Latency Budgets for Robotics Pipelines: Stop Optimizing Kernels Before You Budget the System
When a robotics system misses timing, teams often react at the most visible hotspot: the model is too slow, the CUDA kernel needs work, the inference engine needs tuning. Sometimes that is true. Often it is not the first-order problem.
The bigger issue is usually that the pipeline never had a real latency budget in the first place.
If you do not know how much time each stage is allowed to spend, “optimize the model” is just a guess with good branding.
End-to-End Latency Is a Chain
A perception-to-action loop is not one number. It is a chain:
1. sensor capture
2. frame transport
3. preprocessing
4. inference
5. postprocessing
6. planner / controller
7. command dispatch
8. actuator response
If your deadline is 50 ms and one stage casually eats 22 ms because “it was still under the profiler radar,” the whole system is already in trouble.
Start With a Budget Table
Before tuning anything, write the system budget down:
Target control-loop budget: 50 ms
- sensor capture: 6 ms
- transport / copy: 4 ms
- preprocess: 5 ms
- inference: 12 ms
- postprocess: 5 ms
- planner / control: 8 ms
- dispatch / actuation: 6 ms
- slack / jitter: 4 ms
This table is not just documentation. It is an engineering contract.
If a stage cannot stay inside its budget, you now know whether to optimize it, parallelize it, decimate it, or redesign the data path entirely.
Measure Reality, Not Intent
Budgets are useful only if every stage emits timing data in the same frame of reference.
struct StageTiming {
const char* name;
uint64_t start_ns;
uint64_t end_ns;
};
void record_stage(StageTiming& t, const char* name, uint64_t start_ns, uint64_t end_ns) {
t.name = name;
t.start_ns = start_ns;
t.end_ns = end_ns;
}
For robotics pipelines, I want:
- per-stage latency
- queue wait time
- dropped-frame count
- p50 / p95 / p99 timing
- cross-stage correlation for the same frame or control tick
Without queue wait and tail latency, the system can look fine in averages while still missing real deadlines.
The Common Hidden Costs
Teams underestimate the same categories over and over:
Memory Movement
A “fast” inference stage can still live inside a slow pipeline if the frame bounces between CPU and GPU memory three times before the controller sees it.
Queueing
A model that takes 10 ms on paper can feel like 25 ms in practice if upstream frames pile up and downstream consumers cannot keep up.
Serialization Boundaries
Cross-process hops, message copies, and oversized payloads quietly destroy budgets, especially in ROS-heavy stacks that were assembled for flexibility first.
Synchronization
One blocking call in the wrong thread can erase the gains from every micro-optimization below it.
Budget Violations Need a Policy
Real-time-ish robotics systems need to decide what happens when a stage exceeds its budget.
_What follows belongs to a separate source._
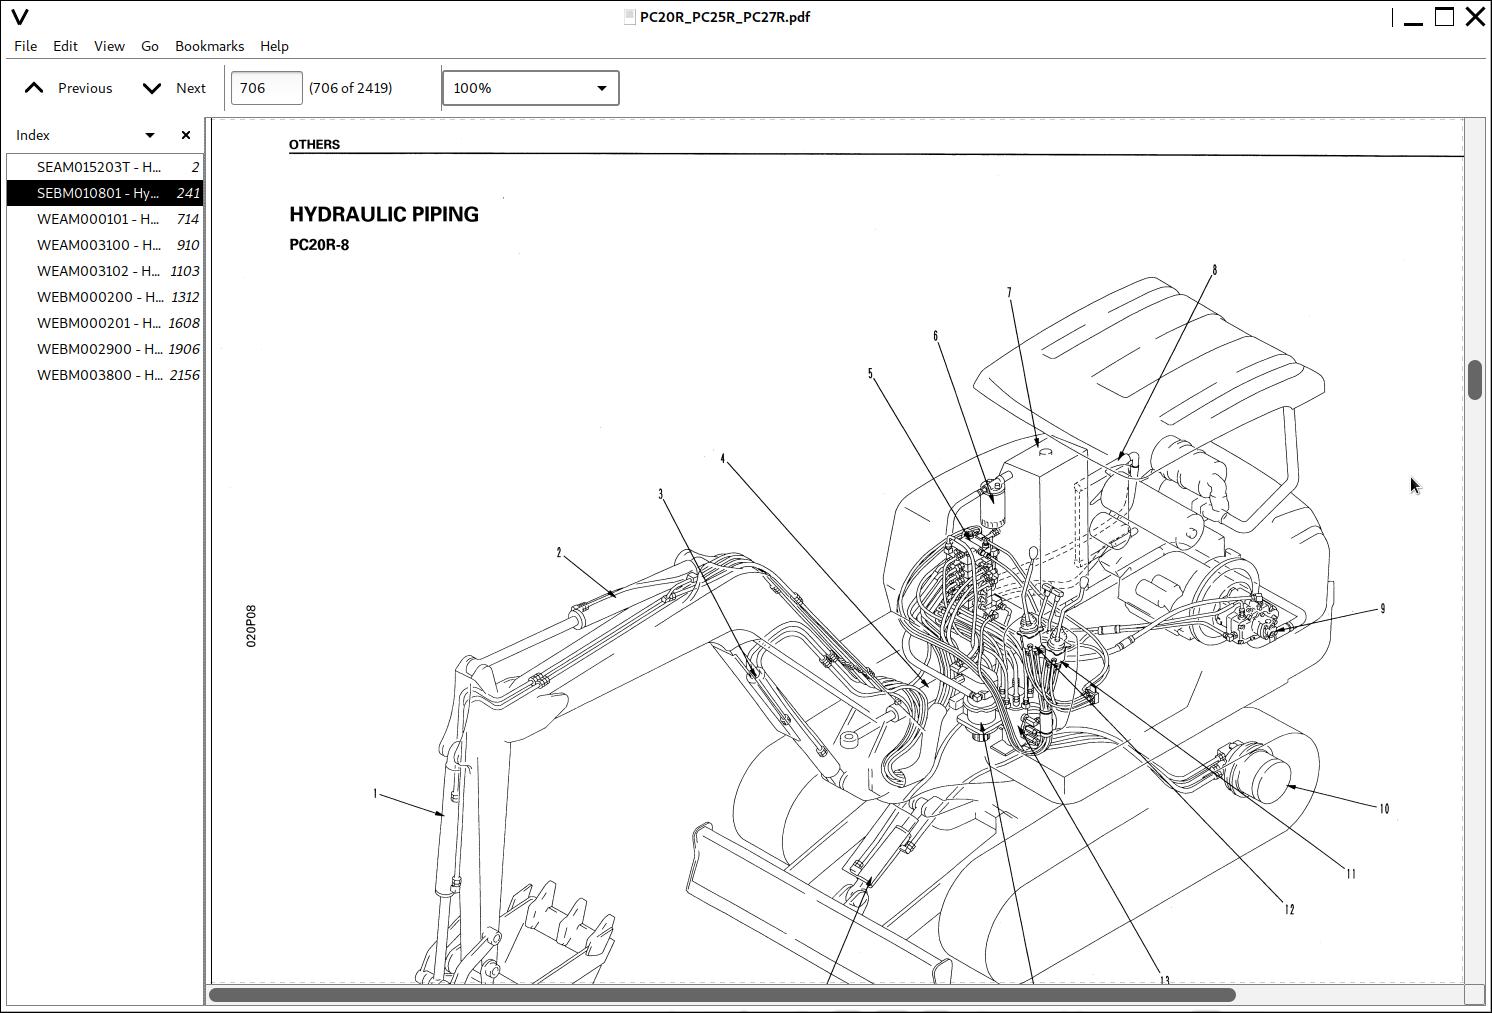 Komatsu Hydraulic Excavator PC20R, PC25R, PC27R Repair

def on_budget_violation(frame: Frame, stage: str, latency_ms: float):
if stage == "inference" and latency_ms > 12:
return "drop_frame"
if stage == "transport" and latency_ms > 4:
return "switch_to_degraded_mode"
if rolling_p99("controller") > 8:
return "reduce_input_rate"
return "continue"
Not every frame is worth saving. In many control systems, a stale result is worse than a dropped one.
That is why budget policy matters as much as the budget itself.
Optimize in the Right Order
Once the measurements are real, the optimization order becomes much clearer:
1. remove needless copies
2. reduce queue depth and backpressure
3. simplify synchronization boundaries
4. fuse cheap preprocessing stages
5. tune inference or kernels only after the system path is disciplined
This order is less glamorous than “we accelerated the model by 18%,” but it is usually more effective.
An end-to-end loop that drops 8 ms of copy and queue overhead beats a kernel-only win that ignores the rest of the pipeline.
Slack Is Not Waste
Engineers sometimes build budgets that sum exactly to the deadline. That is not a budget. That is wishful thinking.
You need slack for:
- scheduler jitter
- occasional I/O variance
- thermal effects
- interrupt noise
- transient synchronization delays
If the deadline is 50 ms, a design that budgets 50 ms exactly is already over-committed.
What Good Looks Like
A healthy robotics latency discipline looks like this:
- every stage has an owner
- every stage has a numeric budget
- the pipeline emits per-frame timing traces
- p95 and p99 matter more than average
- degraded behavior is defined before the first field test
At that point, performance work stops being folklore and starts being systems engineering.
The Practical Rule
Kernel optimization, TensorRT tuning, and model compression all matter. But they matter in the context of a pipeline that already knows what its deadline is and how that deadline is allocated.
If the system does not have a budget, you are not optimizing a pipeline. You are chasing hotspots one at a time and hoping the stopwatch eventually agrees.
For robotics, hope is too expensive. Budget the full loop first. Then optimize the stage that is actually breaking the contract.